*WHAT IS REQUIRED*:
Pictures in the material below are to be left out, and only the lines from the line with "Synopsis C, Korea" up to and including the line with "В Беларуси запретили" are to be written out exactly.

*DATA PROVIDED*:
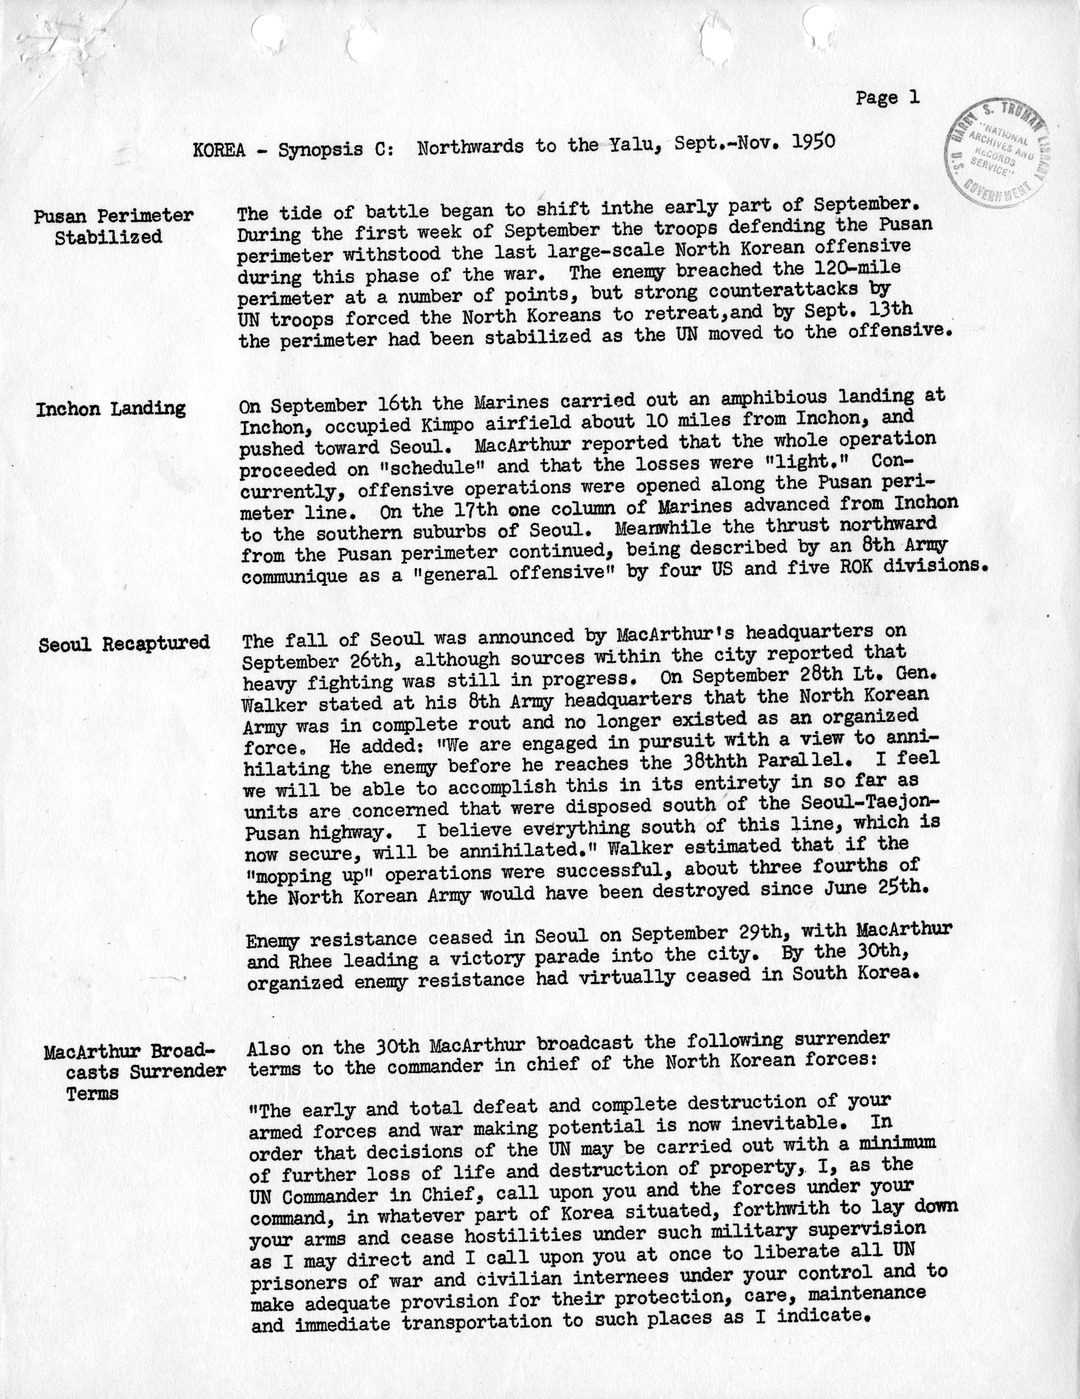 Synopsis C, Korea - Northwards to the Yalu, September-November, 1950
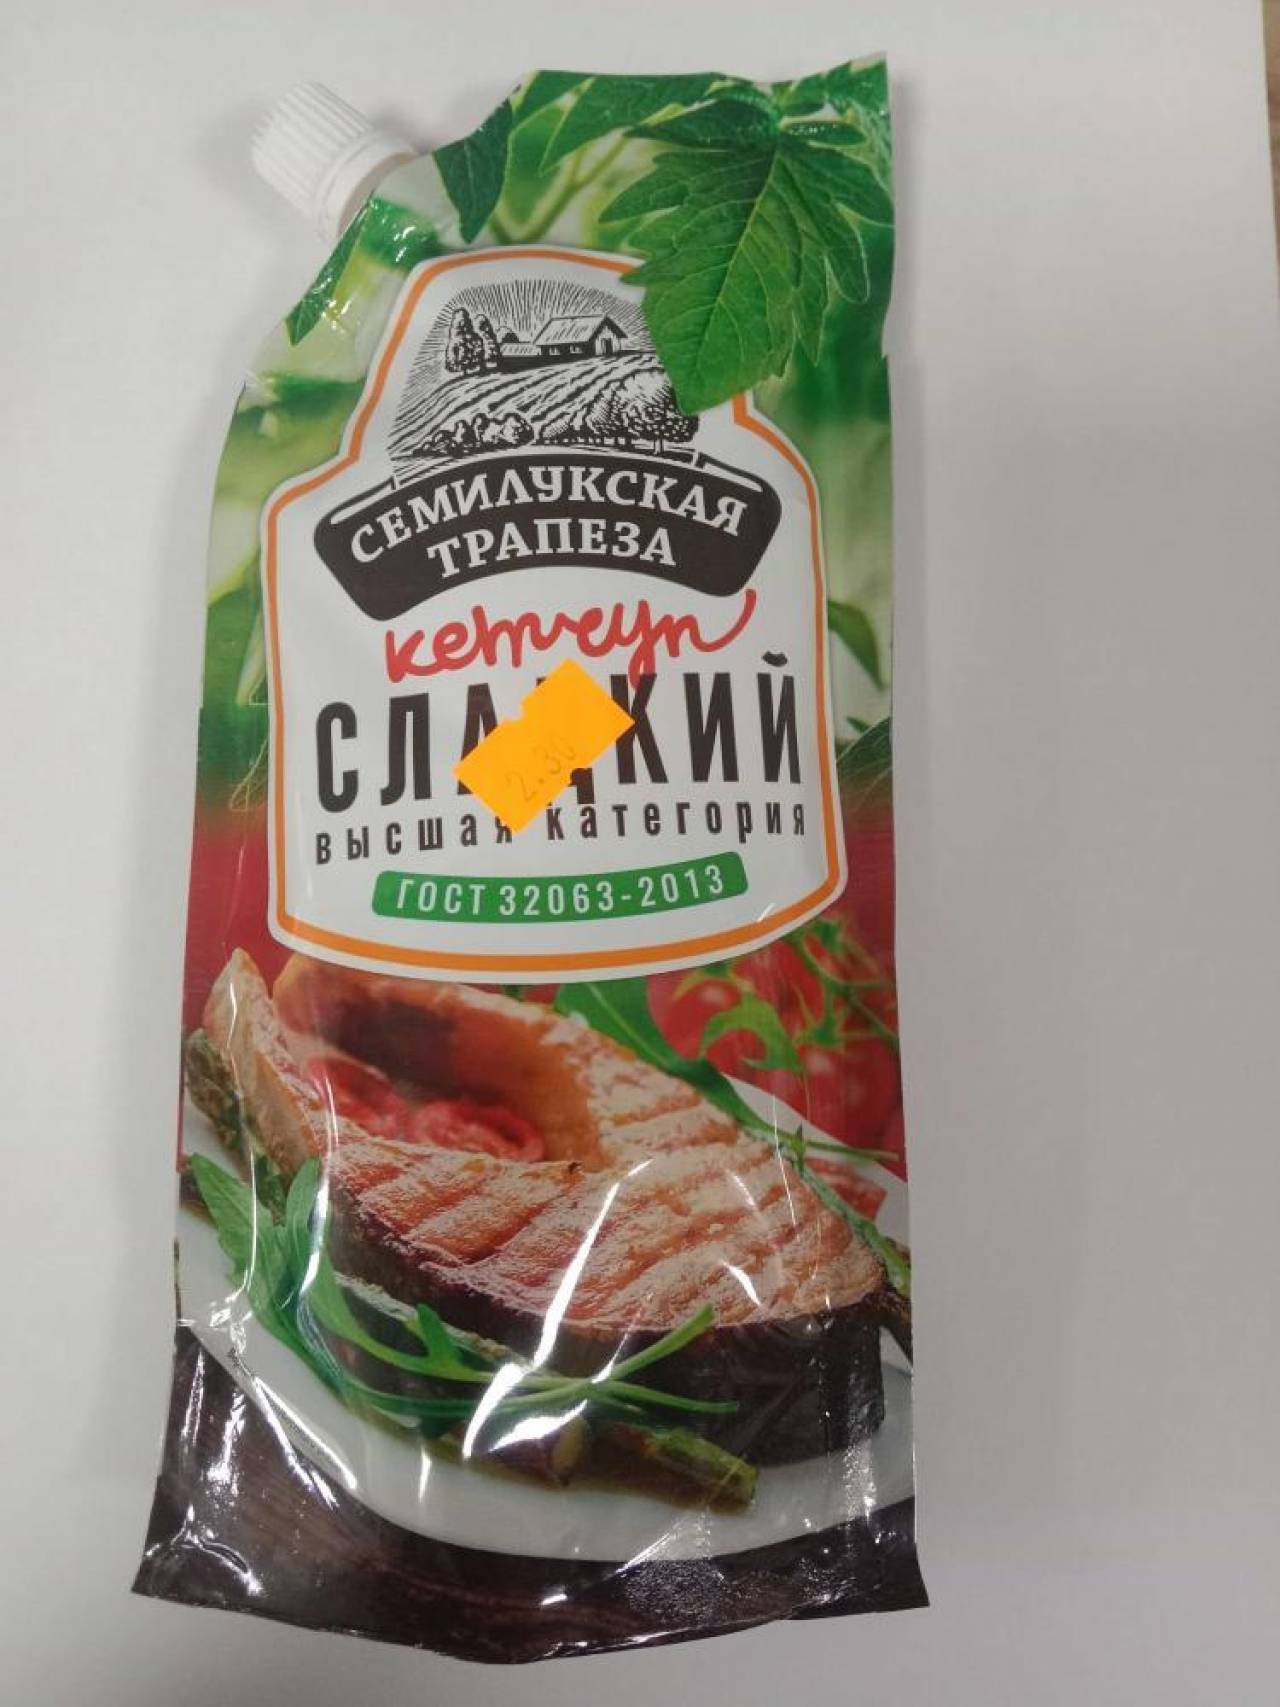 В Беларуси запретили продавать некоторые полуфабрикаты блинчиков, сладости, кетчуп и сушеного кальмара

--

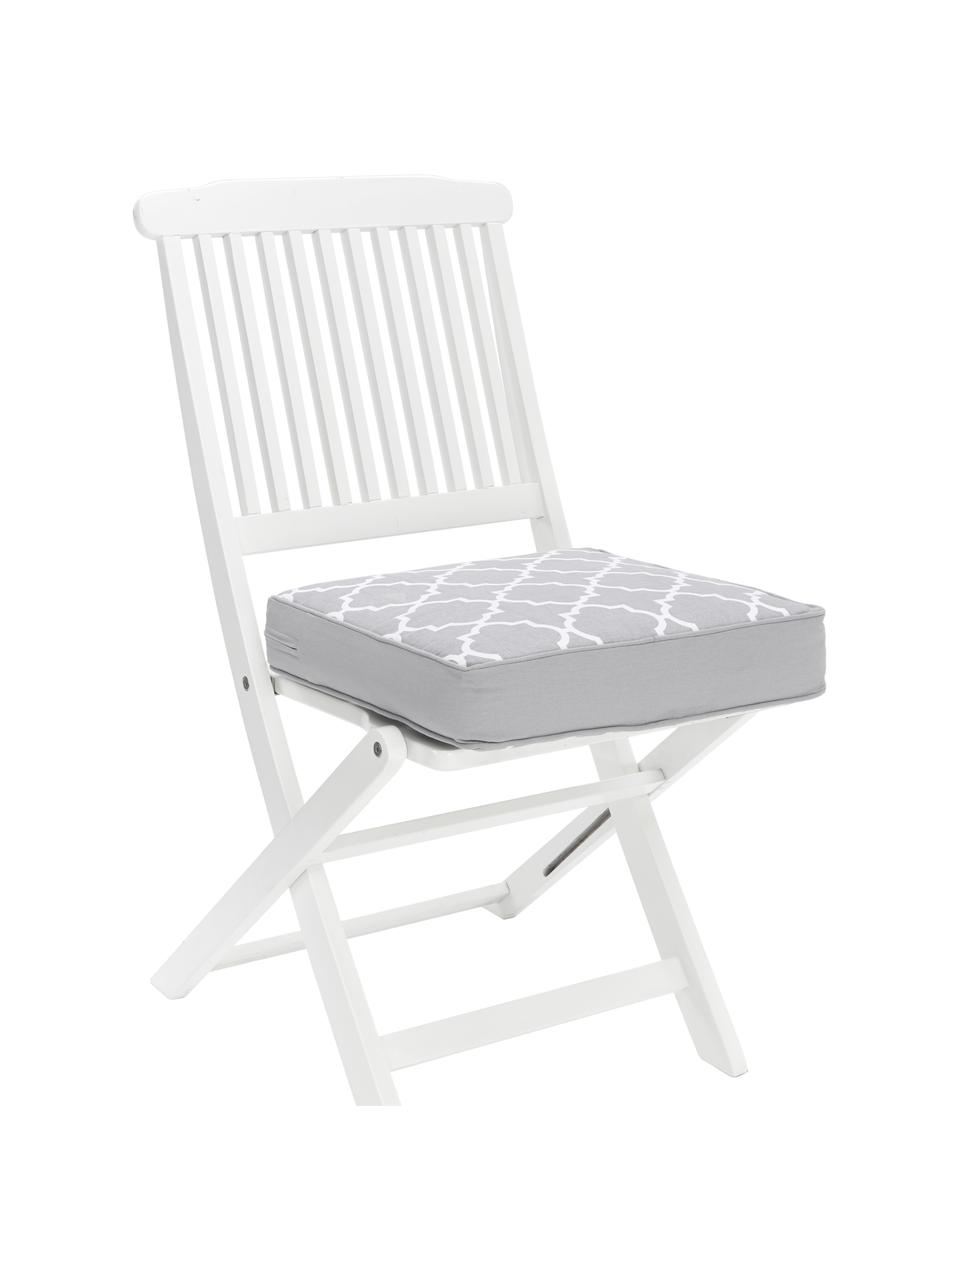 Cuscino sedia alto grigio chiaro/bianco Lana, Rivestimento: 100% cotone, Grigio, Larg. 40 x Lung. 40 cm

--

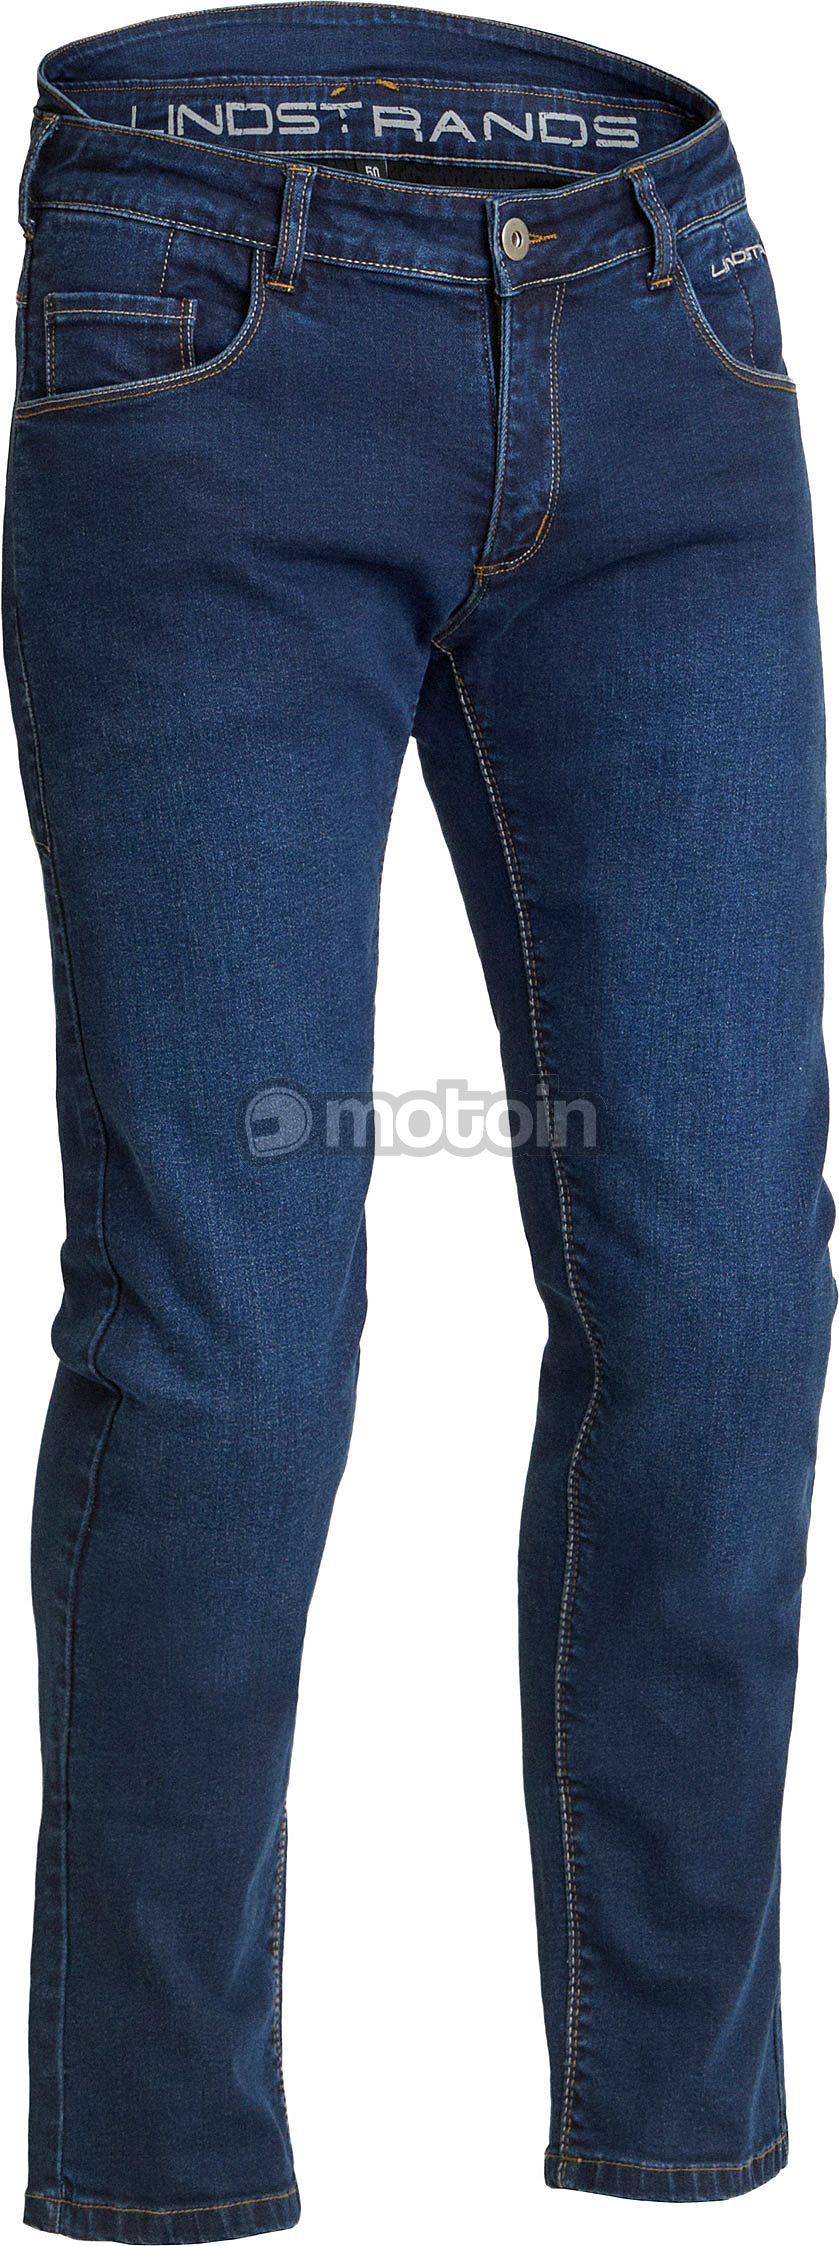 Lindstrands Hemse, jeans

*SOLUTION TO THIS TASK*:
 Synopsis C, Korea - Northwards to the Yalu, September-November, 1950
 В Беларуси запретили продавать некоторые полуфабрикаты блинчиков, сладости, кетчуп и сушеного кальмара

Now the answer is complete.